You need to install Visual studio, and build from a Visual studio command prompt.

### OS X

The g++ compiler is required to build the native library. You will need to install the XCode tools for this.

### Solaris

For Solaris 11, you need to install the `development/gcc-45` and `system/header` packages.

## Running

Run `gradle installApp` to install the test application into `test-app/build/install/native-platform-test`. Or
`gradle distZip` to create an application distribtion in `test-app/build/distributions/native-platform-test-$version.zip`.
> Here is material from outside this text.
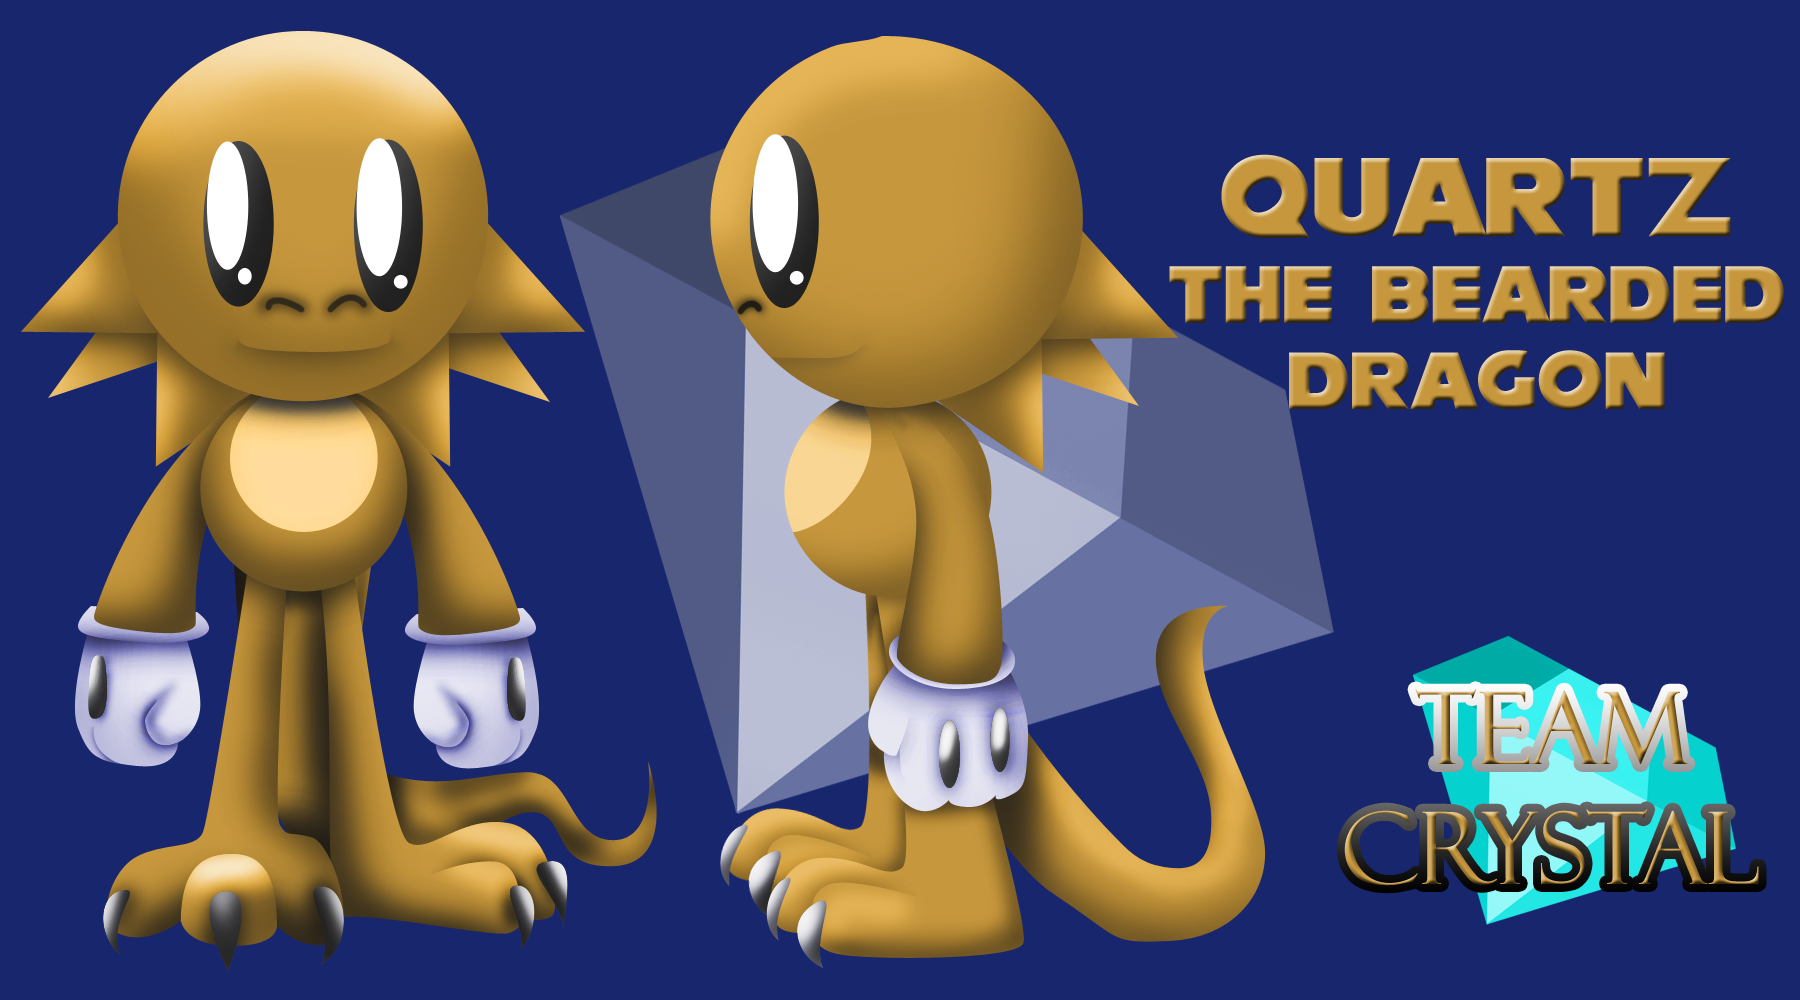 Quartz concept art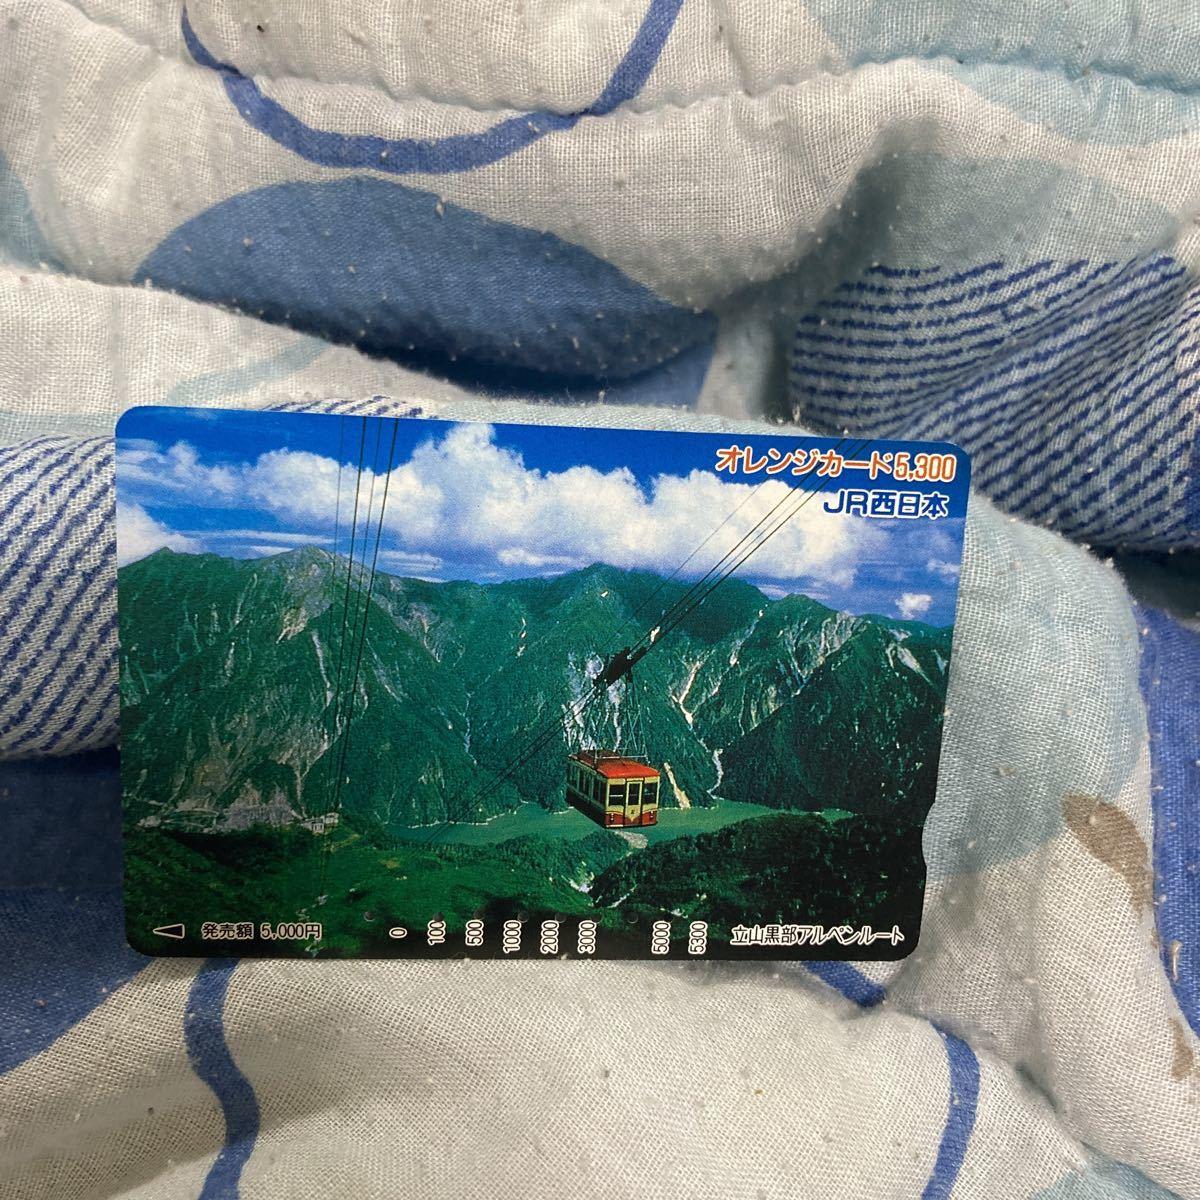 オレンジカード使用済み 5300円券JR西日本立山黒部アルペンルートロープウェイ_画像1

You can run `$INSTALL_DIR/bin/native-platform-test` to run the test application.

# Releasing

1. Check the version number in `build.gradle`.
2. Create a tag and push.
3. Build each variant:
    1. Checkout tag.
    2. `./gradlew clean :test :uploadJni -Prelease -PartifactoryUserName=<> -PartifactoryPassword=<>`
    * OS X universal
    * Linux i386, using Ubunutu 8.04
    * Linux amd64, using Ubunutu 8.04
    * Windows x86, using VC++ 2010
    * Windows x64
4. Build Java library and test app:
    1. Checkout tag.
    2. `./gradlew clean :test :uploadArchives testApp:uploadArchives -Prelease -PartifactoryUserName=<> -PartifactoryPassword=<>`
5. Checkout master
6. Increment version number in `build.gradle` and this readme.

## Testing

* Test on IBM JVM.
* Test on Java 5, 6, 7.
* Test on Windows 7, Windows XP

## TODO

### Fixes

* Posix: allow terminal to be detected when ncurses cannot be loaded
* Windows: fix detection of shared drive under VMWare fusion and Windows XP
* Windows: restore std handles after launching child process
* Linux: detect remote filesystems.
* Solaris: fix unicode file name handling.
* Solaris: fail for unsupported architecture.
* Solaris: build 32 bit and 64 bit libraries.
* Freebsd: finish port.
* Freebsd: fail for unsupported architecture.
* Freebsd: build 32 bit and 64 bit libraries.

### Improvements

* Use wchar_to_java() for windows system and file system info.
* Test network file systems on Mac, Linux, Windows
* Test mount points on Windows
* Cache class, method and field lookups
* Change readLink() implementation so that it does not need to NULL terminate the encoded content
* Don't use NewStringUTF() anywhere
* Use iconv() to convert from C char string to UTF-16 when converting from C char string to Java String.
* Support for cygwin terminal
* Use TERM=xtermc instead of TERM=xterm on Solaris.
* Add diagnostics for terminal.
* Version each native interface separately.
* String names for errno values.
* Split into multiple projects.
* Convert to c.
* Use fully decomposed form for unicode file names on hfs+ filesystems.
* Extend FileSystem to deal with removable media.
* Add a method to Terminal that returns a PrintStream that can be used to write to the terminal, regardless of what
  System.out/System.err point to.
* Add a Terminal implementation that uses ANSI control codes. Use this on UNIX platforms when TERM != 'dumb' and
  libncurses cannot be loaded.
* Add a method to Terminal that indicates whether the cursor wraps to the next line when a character is written to the
  rightmost character position.
* Check for null parameters.

### Ideas

* Expose platform-specific HTTP proxy configuration. Query registry on windows to determine IE settings.
* Expose native named semaphores, mutexes and condition variables (CreateMutex, CreateSemaphore, CreateEvent, semget, sem_open, etc).
* Expose information about network interfaces.
* Fire events when filesystems or network interfaces change in some way.
* Fire events when terminal size changes.
* Fire events when files change.
* Expose system keystores and authentication services.
* Expose a mechanism for generating a temporary directory.